Natürlich wurde ihm die Rolle von seinen Gegnern zugeschrieben, aber der Hesse hat selbst auch viel dafür getan, um sie mit Bravour auszufüllen. Man denke nur an die Schwarzgeldaffäre, in der es sein Landesverband mit der Wahrheit nicht so genau nahm. Oder, noch schlimmer, seine Unterschriftenkampagne gegen die doppelte Staatsbürgerschaft. Mit dem Schüren ausländerfeindlicher Stimmungen kam er 1999 an die Macht. Es war sein Gesellenstück in der Bösewicht-Schule.
Er hat sich viele Feinde gemacht. Und doch muss gesagt werden: Roland Koch war ein Vollblutpolitiker. Einer, der Macht eroberte, sie einsetzte. Er wusste sich durchzusetzen. Er ist intelligent, ein scharfer Rhetoriker und strategisch versiert. Selbst der Abgang war eine Demonstration der Stärke: Nicht andere bestimmten über sein Ende, sondern er selbst. Chapeau dafür.

Ende einer Politkarriere: Kochs Überraschungscoup
Koch war in seiner politischen Karriere nie Wischiwaschi. Das wohltemperierte Sowohl-als-auch war ihm ein Graus. Er hatte ein klares Profil als Konservativer in der Union. Er war der Sparminator, der genau jene liberale Deregulierungspolitik durchsetzen wollte, von der viele in seiner Partei träumten. Er machte gegen Ganztagsschulen und Kita-Ausbau mobil, gegen "Gedöns" eben - wie sie moderne Gesellschaftspolitik in seinen Kreisen gerne nennen. Das mag man doof finden, aber man kann auch sagen: Im Gegensatz zu vielen anderen Politikern hatte Koch wenigstens eine Linie.

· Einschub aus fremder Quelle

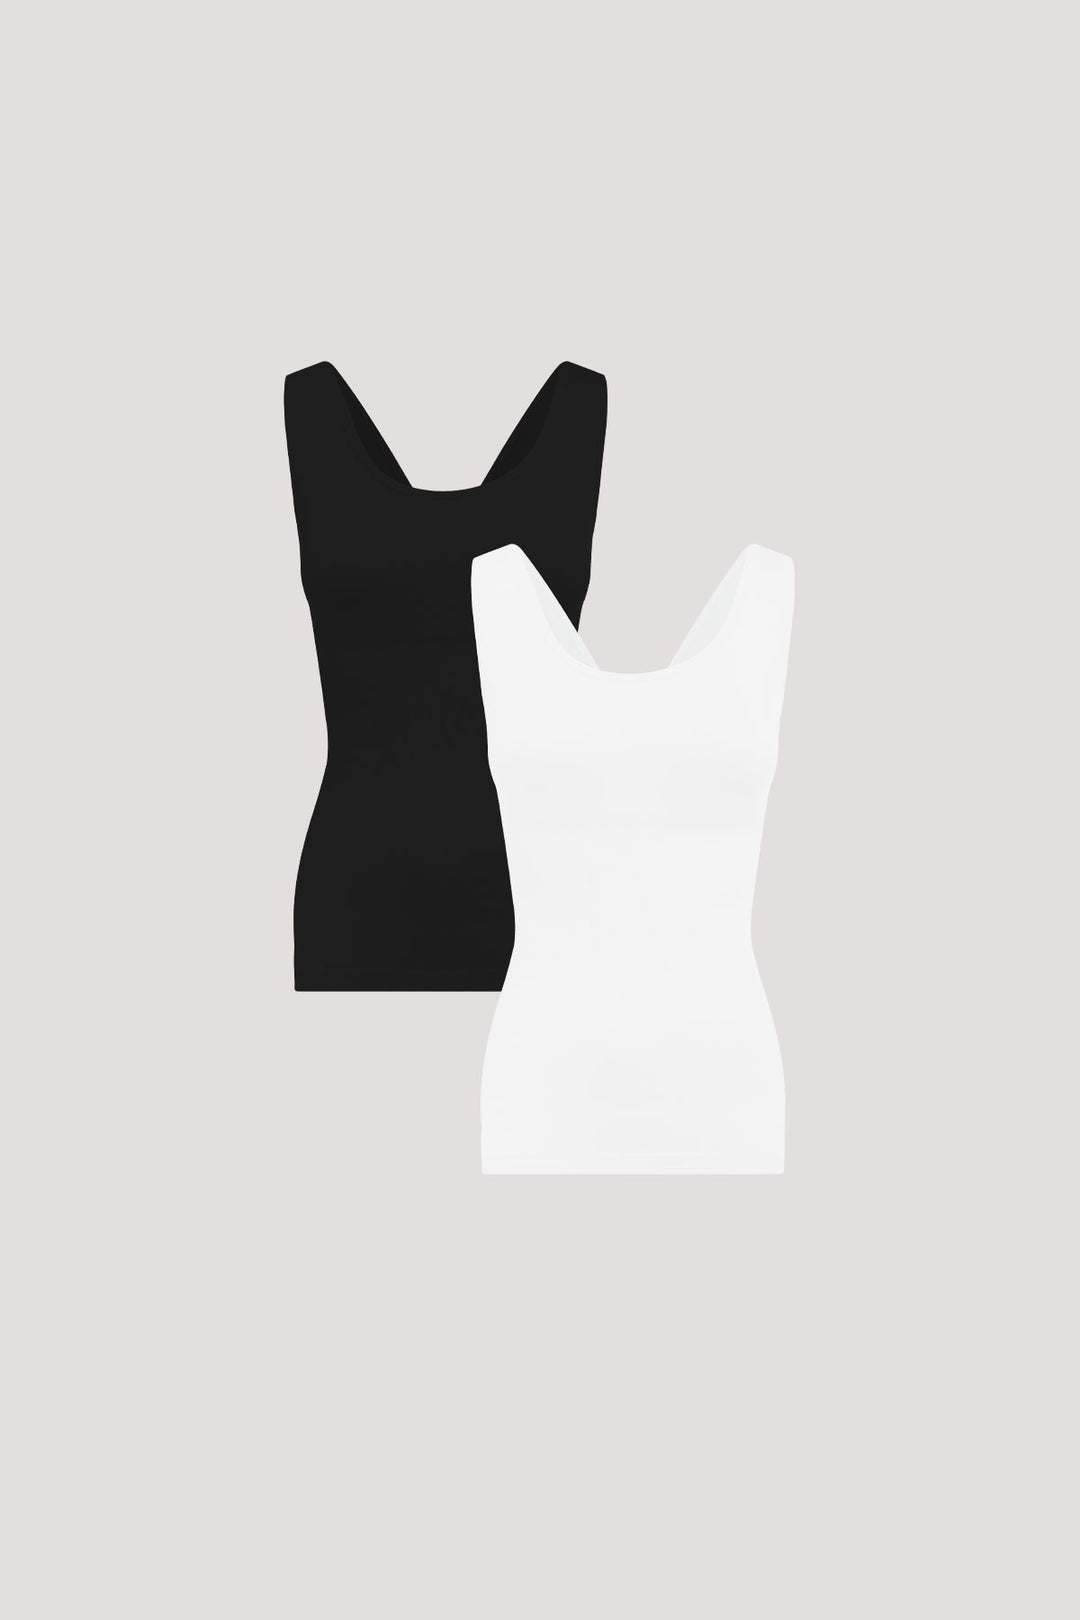 Women's Shaperwear Smoothing Reversible Tank 2 pack I Bella Bodies UK I Black & White

Koch geht, der Anden-Pakt stirbt
Das führt zu der Frage, was der Abgang für Angela Merkel bedeutet. Zunächst einmal dürfte sie aufatmen. Koch war ihr ärgster Rivale in der Partei. Kochs politisches Ende bedeutet auch das Ende des Anden-Pakts. Das ist jenes Männerbündnis, das aus westdeutschen Unionspolitikern bestand und das manches Mal klar gegen Merkel arbeitete. Der Anden-Pakt verliert mit Koch endgültig seine Kraft und Bedeutung.

Roland Koch: Alphatier aus Hessen
Als einer der wenigen in der Union vermochte es Koch, Widerstand gegen Merkel zu organisieren. Er half vor der Wahl 2002 dabei mit, ihre Kanzlerkandidatur zu verhindern. In den letzten Tagen bewies er erneut, wie gefährlich er für Merkel sein kann: Als er nach der Wahlpleite der CDU in NRW als Anführer des Unmuts gegen die schwarz-gelbe Koalition fungierte, bebte unter Merkels Füßen in Berlin kurze Zeit die Erde.
Besiegen konnte er sie nicht. Sie regiert in Berlin. Er nicht. Auch gibt es für ihn keinen Platz an ihrem Kabinettstisch - wenn er ihn denn wirklich wollte. Wolfgang Schäuble bleibt, damit ist auch diese Option verbaut. Womöglich sind diese frustrierenden Erfahrungen ein Grund für ihn, sich nach neuen Aufgaben umzusehen. Die Machtmaschine Merkel hätte damit ihr nächstes Opfer überrollt.
Fest steht: Bei aller diebischen Freude über den Abgang des ewigen Widersachers dürfte die Kanzlerin auch ins Grübeln kommen. Die Union hat ohne Koch ein Problem. Den Unzufriedenen geht ein wichtiger Hoffnungsträger und eine Integrationsfigur verloren. Bislang konnten sich die Merkel-Kritiker sagen: Der Koch passt schon auf, dass die in Berlin nicht zu viel Unsinn machen. Merkel wiederum konnte sich sicher sein, dass sie Ruhe im Laden hatte, wenn sie Koch und seinen tiefschwarzen Flügel einband. Die Unzufriedenen und Nörgler werden nun heimatlos - und damit unberechenbar.
Bisweilen war es ein gedeihliches Wechselspiel, das Merkel und Koch als "Heldin" und "Bösewicht" aufführten. Es folgte der alten Regel: Umso böser der Bösewicht, desto mehr strahlt die Heldin. Für Merkel war das besonders schön.
Nun braucht sie einen neuen Bösewicht.